Embroidered Wine Glass And Grapes Hoop Art
A polished DMC palette and stitching guide for a cozy wine-themed hoop: deep burgundy wine, glossy grape clusters, delicate glass highlights, curling vine tendrils, a textured cork, and a soft tabletop ground.
DMC Palette · Wine & Vineyard Hoop
Preview image from the linked hoop-art sample. Colors below are visual estimates matched to close DMC embroidery floss shades.
Design Color Read
The composition is anchored by a tall outlined wine glass filled with rich red wine. The darkest values sit in the lower wine bowl and in the grape cluster, while the glass rim, stem, and base rely on fine burgundy outlines plus pale gray-white highlights to suggest transparency.
At the bottom, the grape bunch adds raised, glossy texture in plum and black-purple tones. Olive green leaves and curling tendrils soften the right and left sides, and a cork with warm tan-brown lettering balances the palette. A lightly stitched beige tabletop gives the design a grounded, handmade finish without competing with the wine and grapes.
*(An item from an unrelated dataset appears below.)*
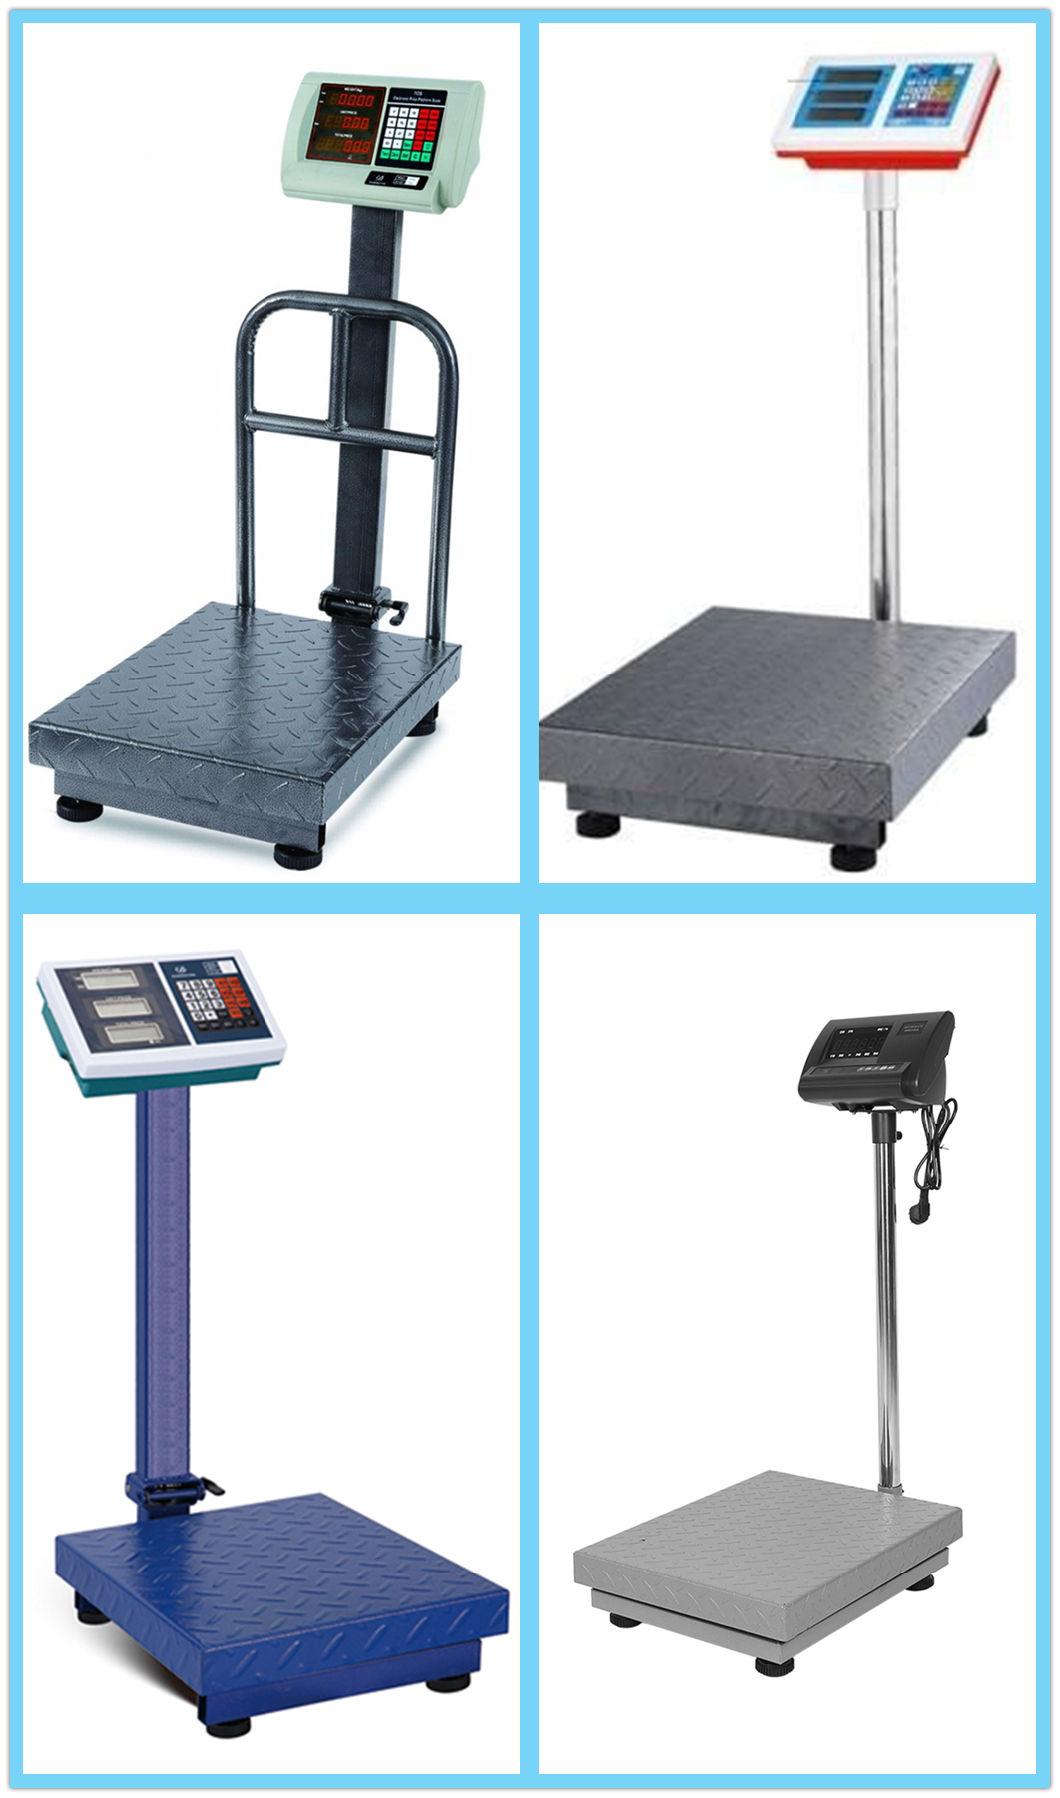 Competitive Electronic Weighing Scales Digital Platform Scales Chinese Electronic Weighing Scales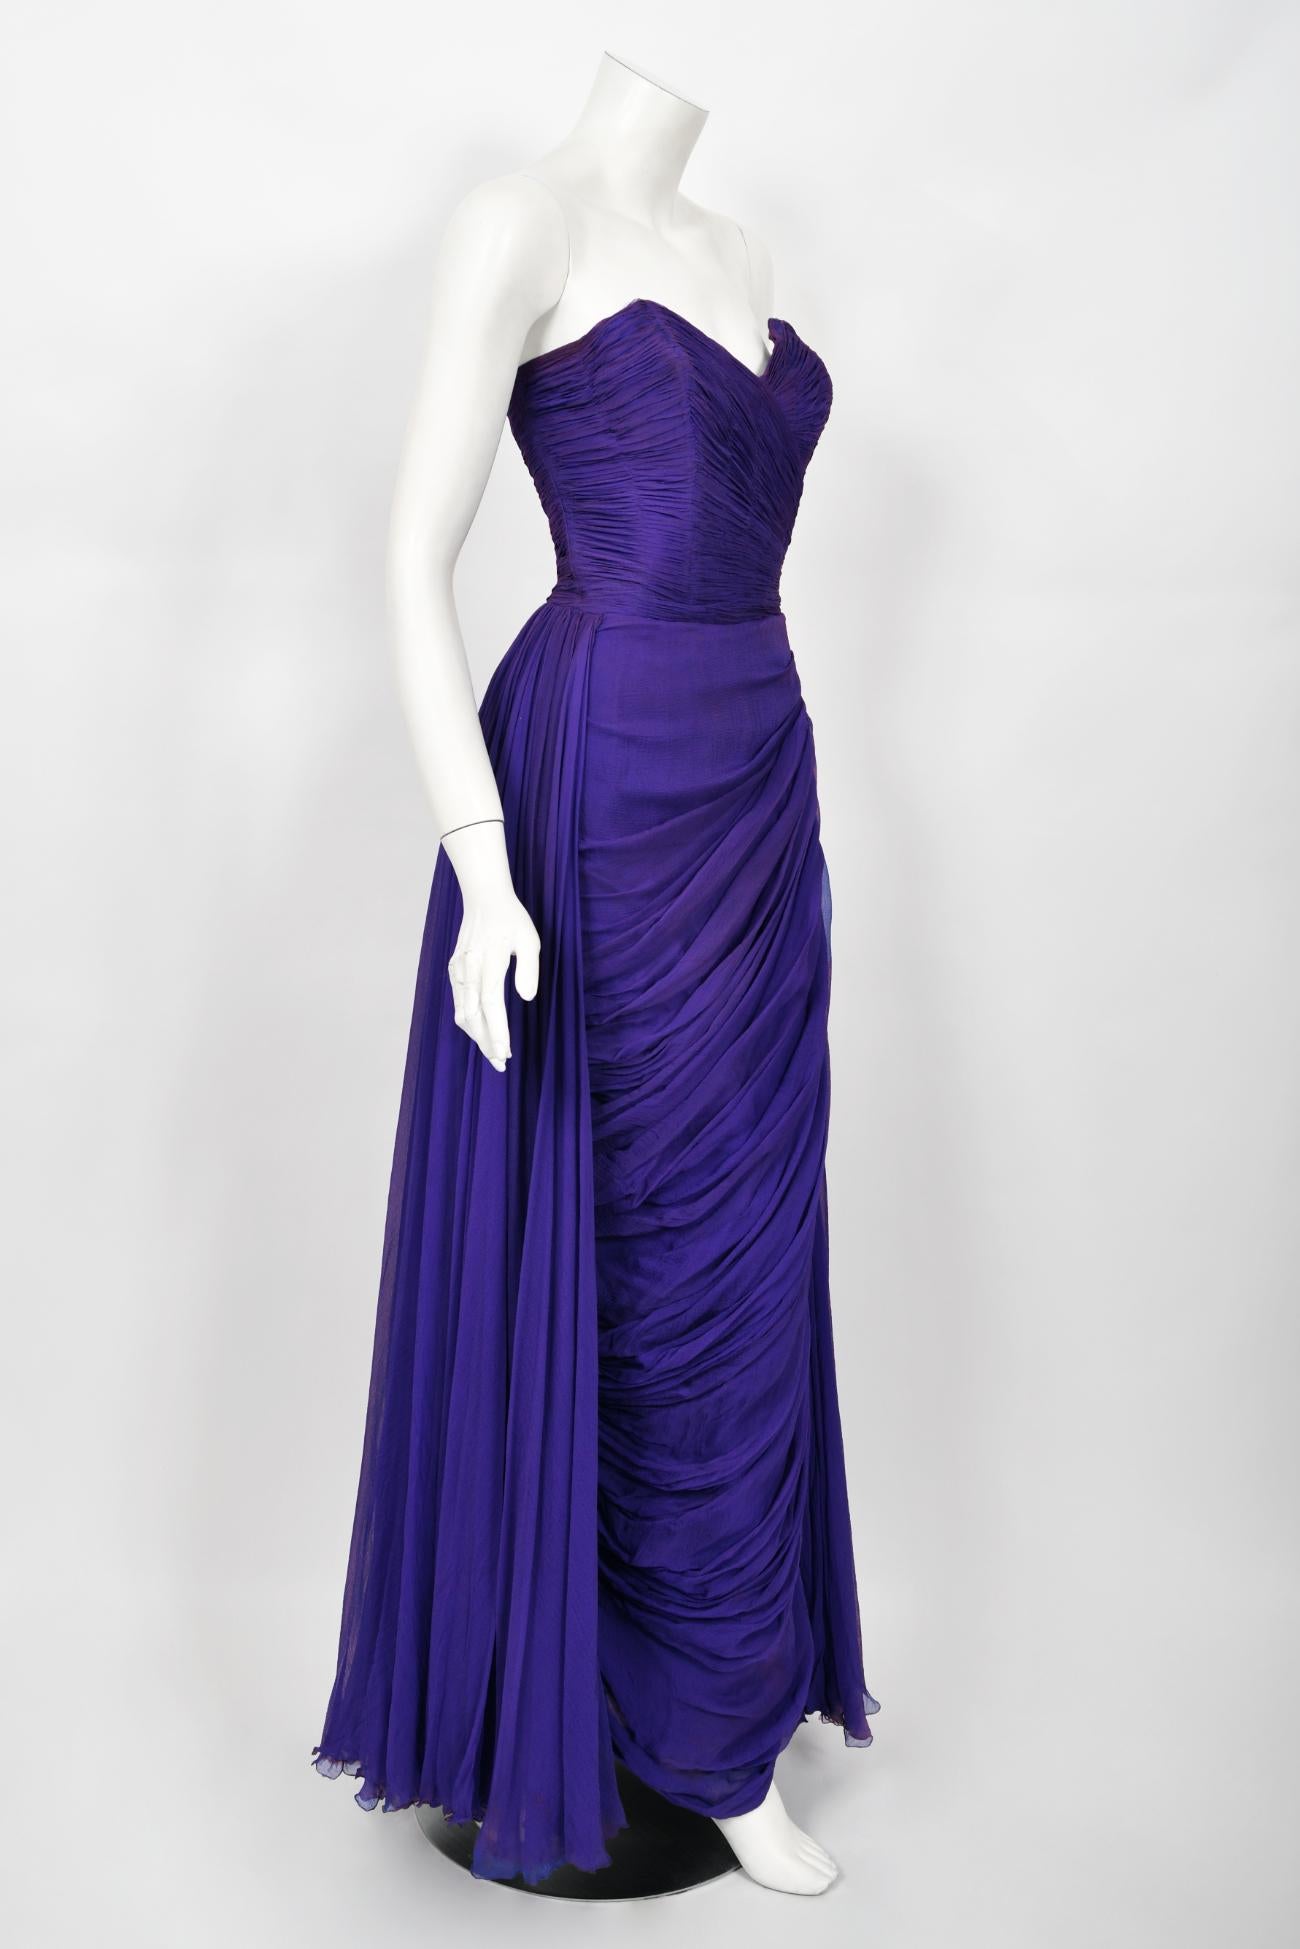 Vintage 1950s Curiel Couture Pleated Purple Silk Chiffon Strapless Goddess Gown  For Sale 2

Best Overall Thread Approach
Use 2 strands for most filled areas, 1 strand for glass lines and tendril details, and 3 strands only where you want the grape knots or cork end to feel extra raised. Keep the glass airy: the negative fabric space is part of the sparkle.
Likely DMC Color Palette
Palette based on the visible wine surface, grape bunch, glass outline, cork, olive foliage, vine spirals, and neutral stitched table texture. Coverage percentages are visual estimates, not exact thread usage.
Stitching Suggestions
Thread Count, Blending & Shading Guidance
- 1 strand: glass contour lines, rim details, inner reflections, vine tips, tiny cork lettering, and fine grape stems.
- 2 strands: wine fill, grape satin stitch, main leaf shapes, cork body, tabletop texture, and most visible outlines.
- 3 strands: optional only for raised grapes, cork end cap, or extra-bold knots where you want tactile texture.
- Blend wine shades: combine one strand 814 with one strand 915 for a smoother mid-burgundy; combine 814 + 154 for the darkest bowl base.
- Blend greenery: pair 3052 with 3051 for muted leaves, or add a single 729 stitch to warm up curling tendrils.
- Highlight sparingly: place pale stitches last. A few clean 3865 and 762 accents will read more like glass than a fully filled white area.
Beginner-Friendly Work Order
Practical Embroidery Tips
Use a tightly hooped neutral linen or cotton-linen fabric so the long glass stem stays straight. When stitching the wine and grapes, separate your floss strands before recombining them; this keeps satin stitches smoother and reduces rope-like twisting.
For clean grape edges, stitch each grape as its own small oval rather than filling the whole bunch at once. For the wine glass, resist filling all the pale glass areas. The open fabric is what gives the illusion of transparency, while the burgundy outline and gray-white glints provide just enough structure.
If the hoop begins to feel too dark, add only two or three extra highlights: one on the wine surface, one on the left side of the glass bowl, and one on the front grape. Small, intentional sparkle is more convincing than many scattered bright stitches.